PostPosted: Fri Jul 13, 2018 7:37 pm    Post subject: Reply with quote

I’m with Dan on this, simply for reasons of practicality.
Fortran has the great strength that source codes from decades ago are still compilable. It saves reinventing the wheel - a wheel that sometimes us oldies invented in the first place!
In order to keep FTN95 operational, Silverfrost need to cater for differences between versions of Windows. Microsoft like to change things, but the huge volume of commercial applications out there mean that MS have to keep much backward compatibility. If you then use Clearwin+, you can be pretty sure that your application will run, or will soon run on any new version of Windows.
Add to that the availability of Simdem, which is on top of Clearwin+, and thus is guaranteed to work with it, given that Clearwin+ and FTN95 are backward compatible, and you have as good a situation as one can hope for.
Using Oxyplot and Visual Studio with FTN95 is an altogether more complicated issue. Silverfrost need to keep their compiler working with VS, which we know from experience can change dramatically from version to version. So too do the originators of Oxyplot. Therefore, at the very least, you are requiring two organisations to keep abreast of changes in the platform, instead of one. Then, you have no guarantee that Oxyplot and FTN95 will continue to get along together – and if they don’t, whose responsibility is it to fix? It’s a risk that I don’t take.
Secondly, of course, there is the documentation issue. Without being rude about it, to understand the Oxyplot documentation you need to understand Visual Studio to even begin. Clearwin+ is understandable to anyone who understands Fortran – well, most people – and that is a prerequisite for using FTN95 in the first instance. So there’s a step you don’t need in one route, and you do in the other. Simdem documentation is also targeted at the Fortran user. (And if you use Clearwin+. You can do OpenGL graphics, if you want to.)
As for ‘I can draw contours’, well I still use most of the code I wrote back in the 1970’s, including contouring. It originally used manufacturer specific pen-plotters, then generic ones (Roland, HP) and now CW+ graphics primitives. You know, computer software solutions with old technology work brilliantly with new.

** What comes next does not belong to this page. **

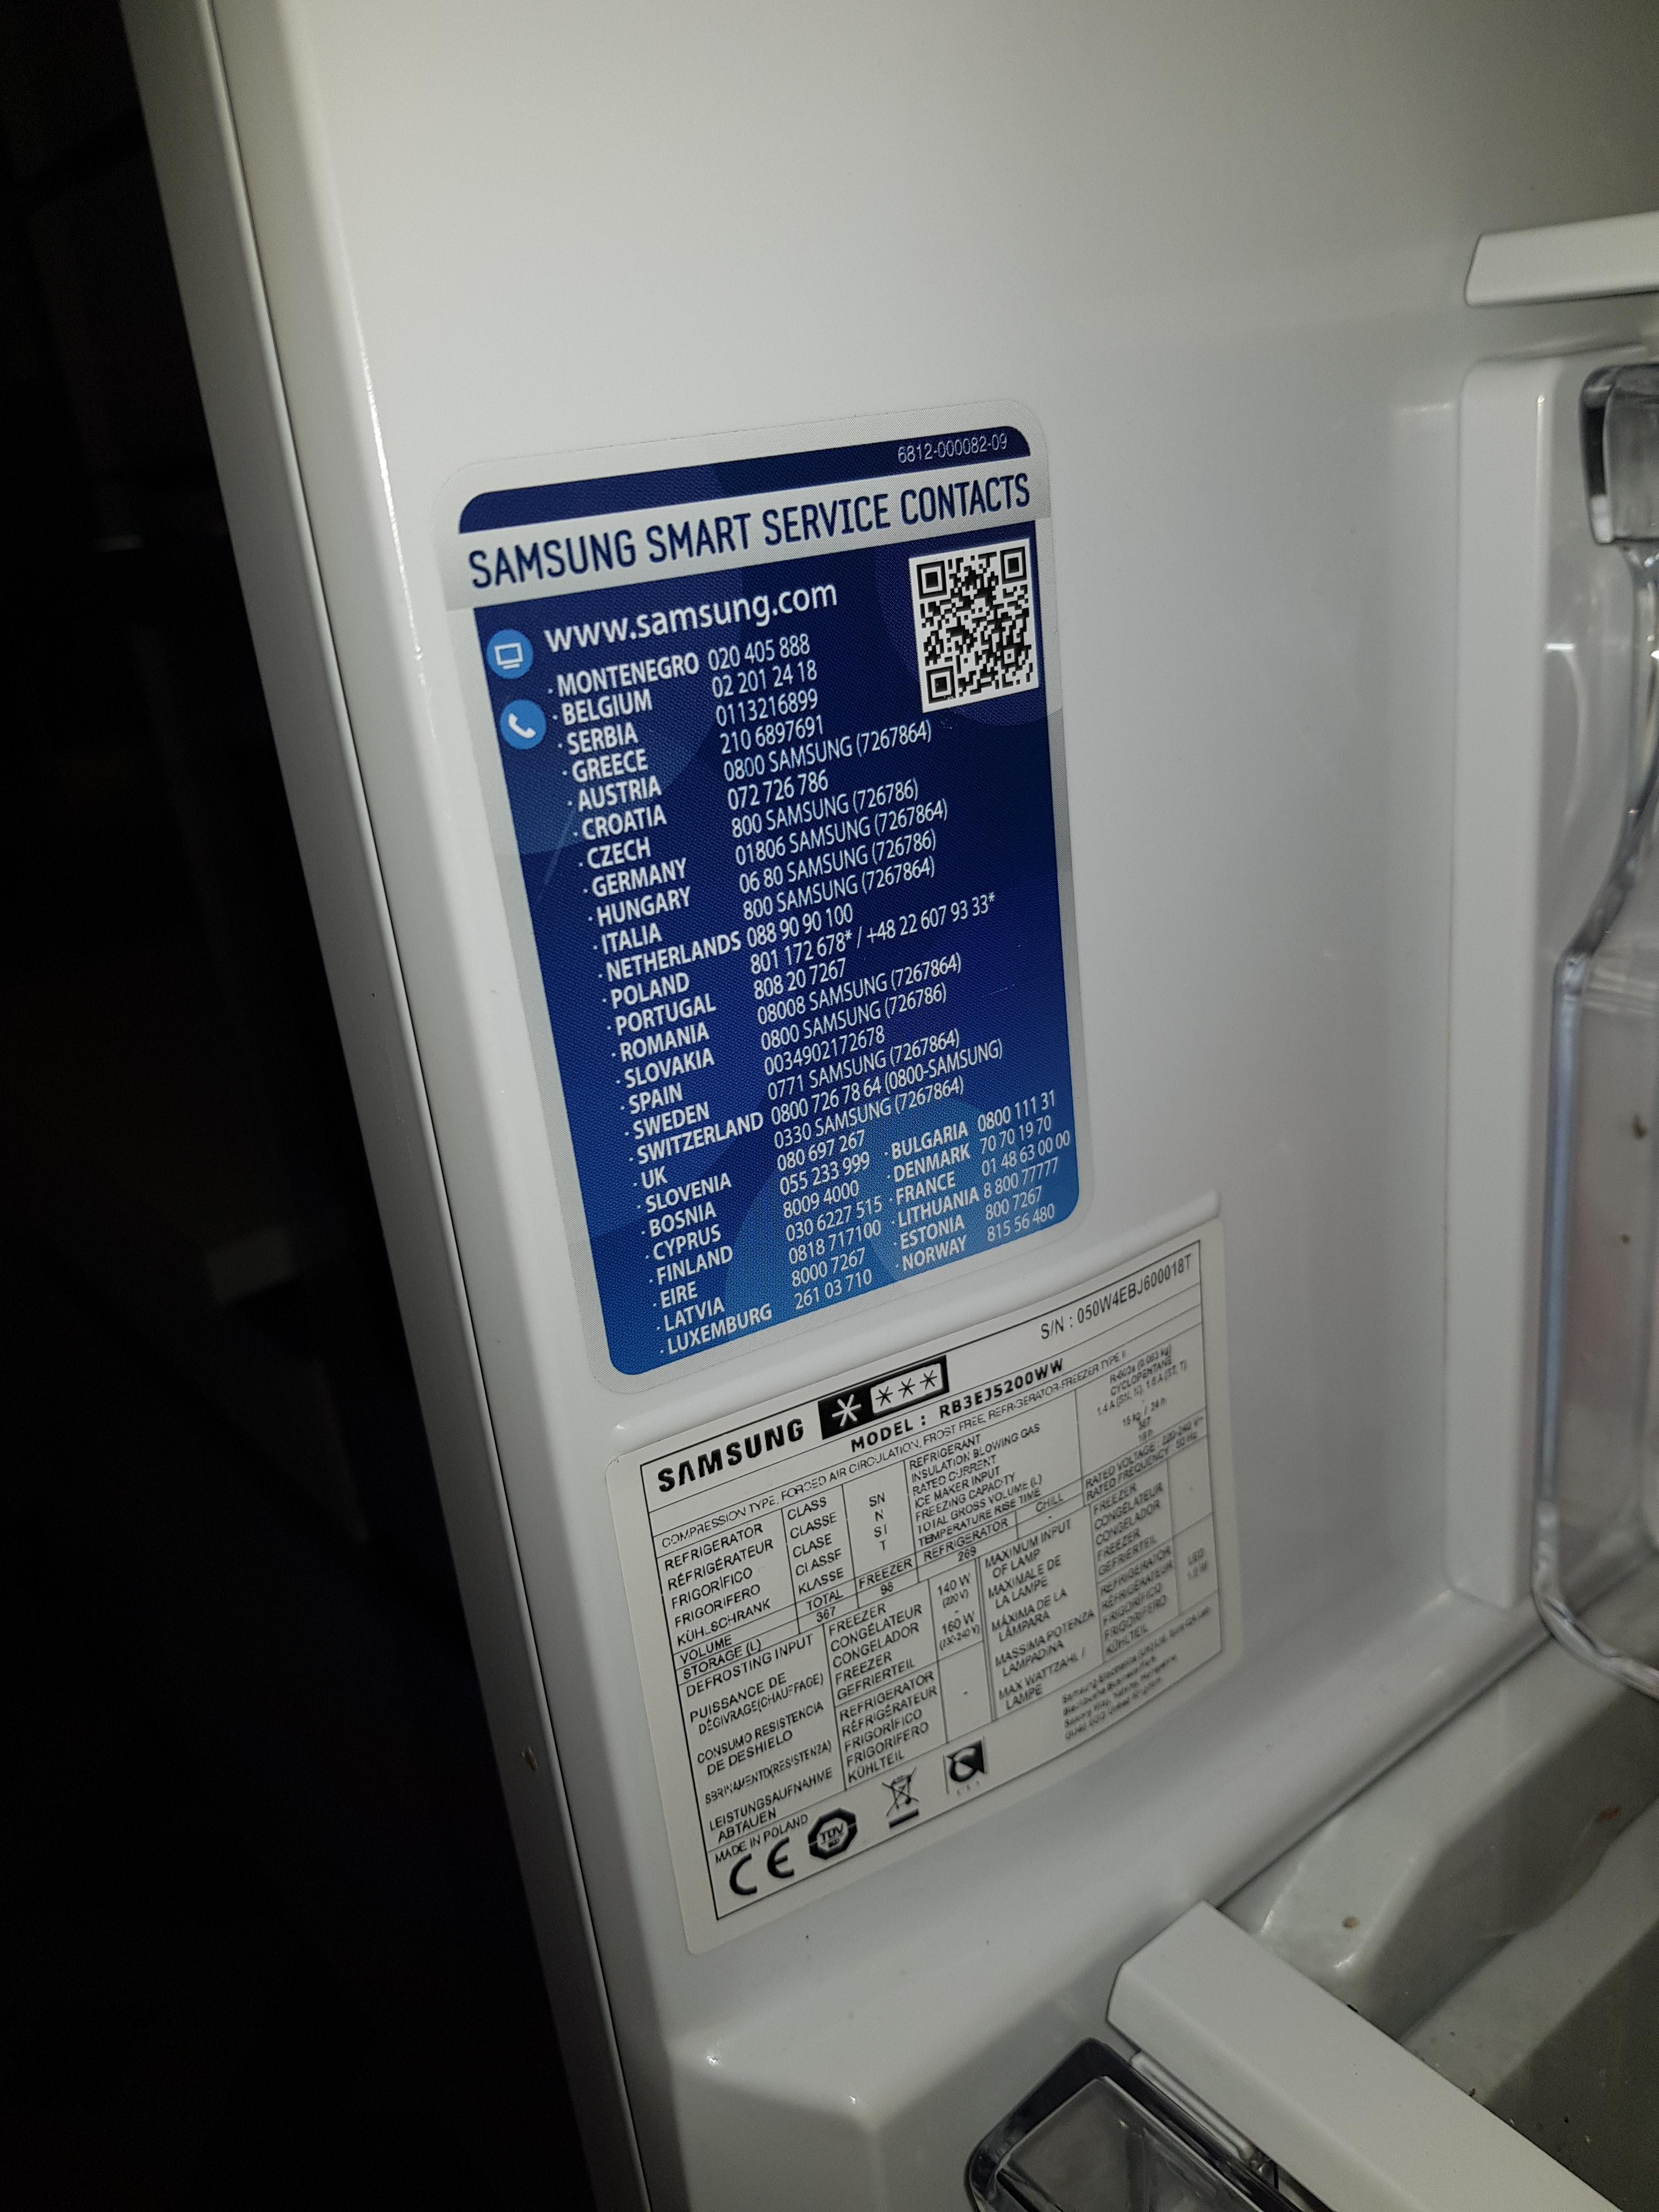 Réfrigérateur congélateur bas SAMSUNG RL56GSBMG Pas Cher 
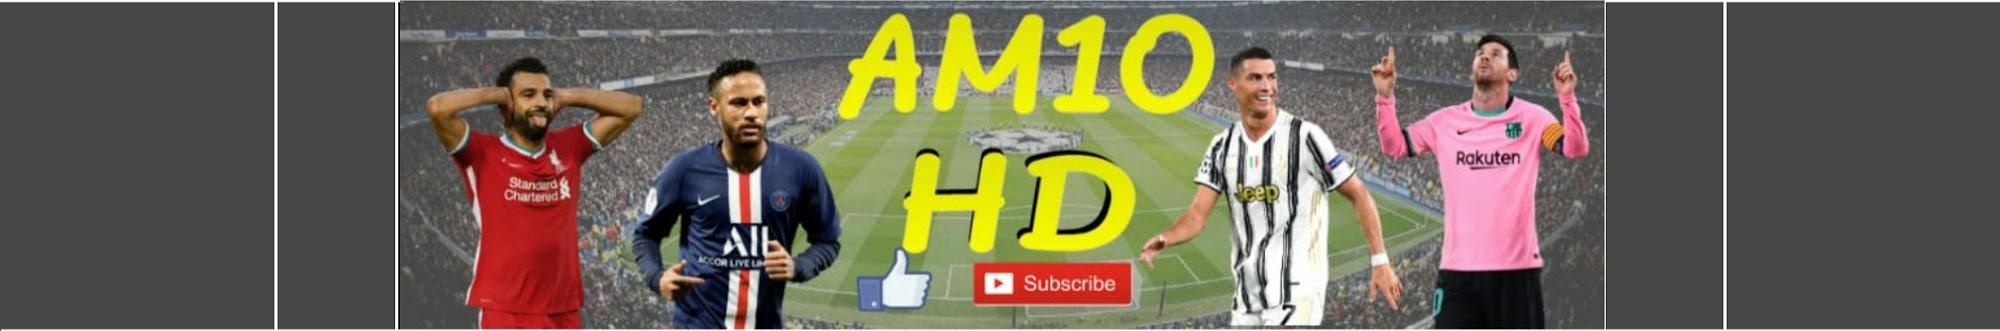 AM10 HD

All that needed to change were the graphics primitives.
Finally, as for old-timers, yes, I’m one. I still use codes I wrote nearly a half-century ago as well as things I’ve written since. You would be surprised at how much scientific and engineering software is still written in Fortran, or having been written in Fortran, is used and extended in the language. Whether you fly Airbus, Boeing, Embraer or Bombardier, the probability is that the airframe and engines were analysed with a Fortran program. You can tell how big the user base is by how many different Fortran compilers are on the market, just for the PC. There are 6 vendors on the Polyhedron website, plus several freeware compilers. More to the point, you can’t tell if an application uses Fortran after it has been compiled, and if written with the Clearwin+ interface to Windows, the look and feel is pure Windows. Source codes that I first compiled for Windows 2000 with FTN95’s 32-bit compiler version 3.90 run fine on Windows 10, and compile with FTN95 version 8.30 – and again run fine. If that’s not a great system, then I don’t know what is.
There is a great Fortran compiler system, and it’s FTN95.
PS. I’m not a software developer. It’s only an adjunct to my main skill set. Like being able to draw, write books, and troubleshoot aggravating engineering problems. A great man once said: "Simplicate, and add lightness". Fortran simplicates.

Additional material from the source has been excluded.